Alexander Murakhovsky, 49, is believed to have disappeared during a hunting trip in a forest in the Omsk region of Siberia on Friday.
Witness reports suggested that he was last seen leaving the village of Pospelovo on an all-terrain vehicle (ATV).
The ATV was found 6.5 km from the hunting base on Sunday, according to the regional ministry of internal affairs.
Local police, officers from the national guard, hunting inspectors and local residents have all joined the search.
Helicopters and drones have also been deployed because of the “difficult-to-pass swampy areas of the terrain,” said the ministry.
Mr Murakhovsky was the head doctor at the hospital in Omsk that treated Mr Navalny after he collapsed on a flight in Russia in August last year and later told a press conference: “We saved his life with great effort and work”.
He was subsequently promoted to the post of regional health minister.
Two other doctors at the same hospital in Omsk have recently died, according to notices on its website.
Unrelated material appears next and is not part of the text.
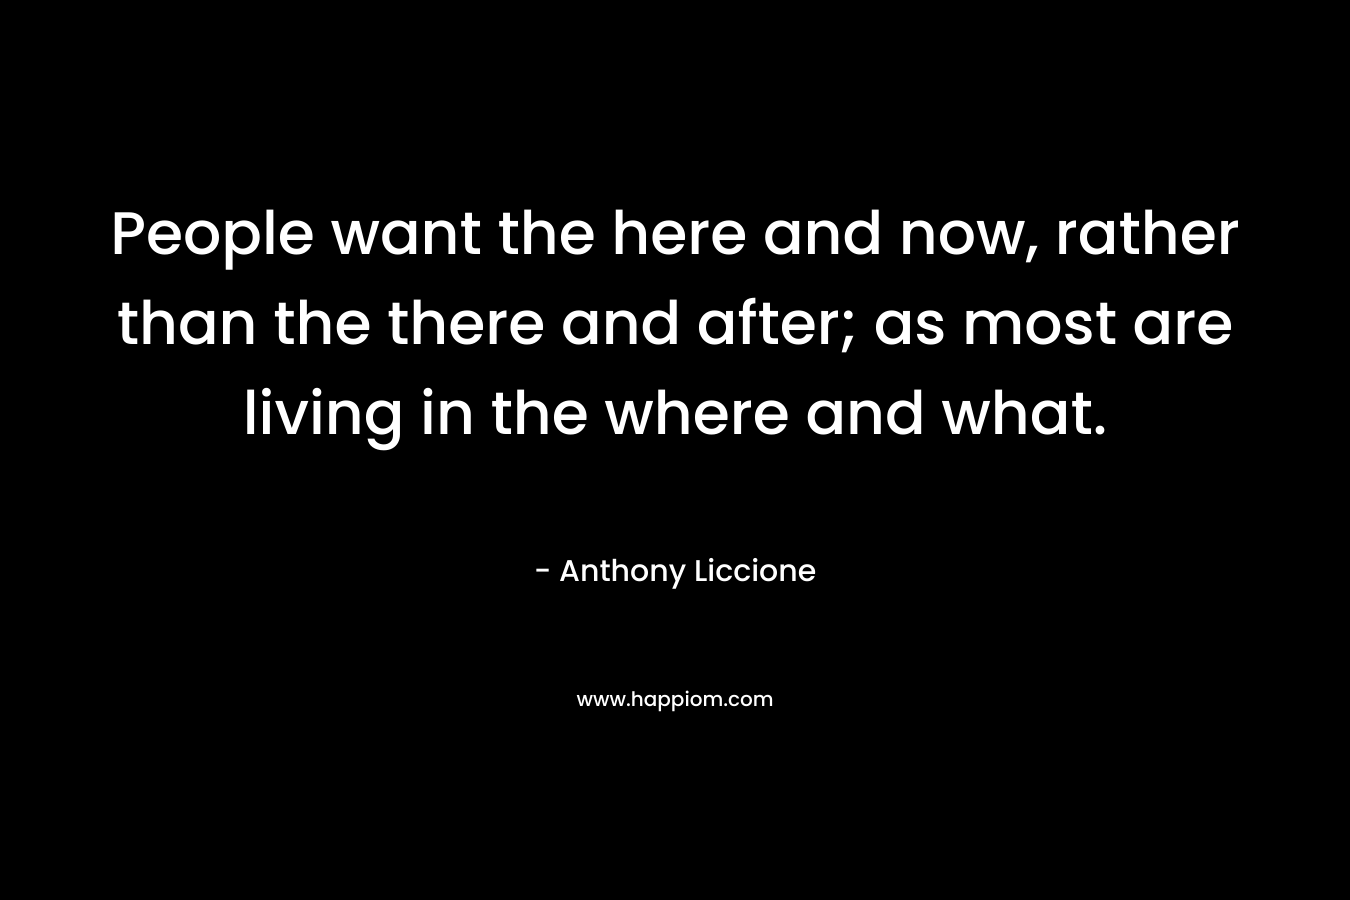 People want the here and now, rather than the there and after; as most are living in the where and what.

The deputy chief physician for anesthesiology and resuscitation “suddenly passed away” on 4 February, while the 63-year-old head of the department of traumatology died on 24 March, supposedly after suffering a stroke.
Another doctor, Anatoly Kalinichenko, who told reporters that no traces of poison had been found, left his post as chief medical officer at the hospital in October.
Following his treatment in Omsk, Mr Navalny, a prominent critic of Russian president Vladimir Putin, was airlifted to Germany for further treatment and laboratory tests in Europe, confirmed by the global chemical weapons watchdog, later established that he had been poisoned with a Novichok nerve agent.
Novichok came to international prominence in March 2018 when it was identified as the substance used to poison former Russian spy Sergei Skripal and his daughter Yulia in Salisbury.
Russian authorities have repeatedly rejected any suggestion that they tried to kill Mr Navalny.
The dissident was arrested in January when he returned to Russia from Germany and was sentenced to two-and-a-half years in prison for violating the terms of his probation in relation to a 2014 embezzlement conviction that Mr Navalny has rejected as fabricated. Last month he staged a three-week hunger strike to demand proper medical care.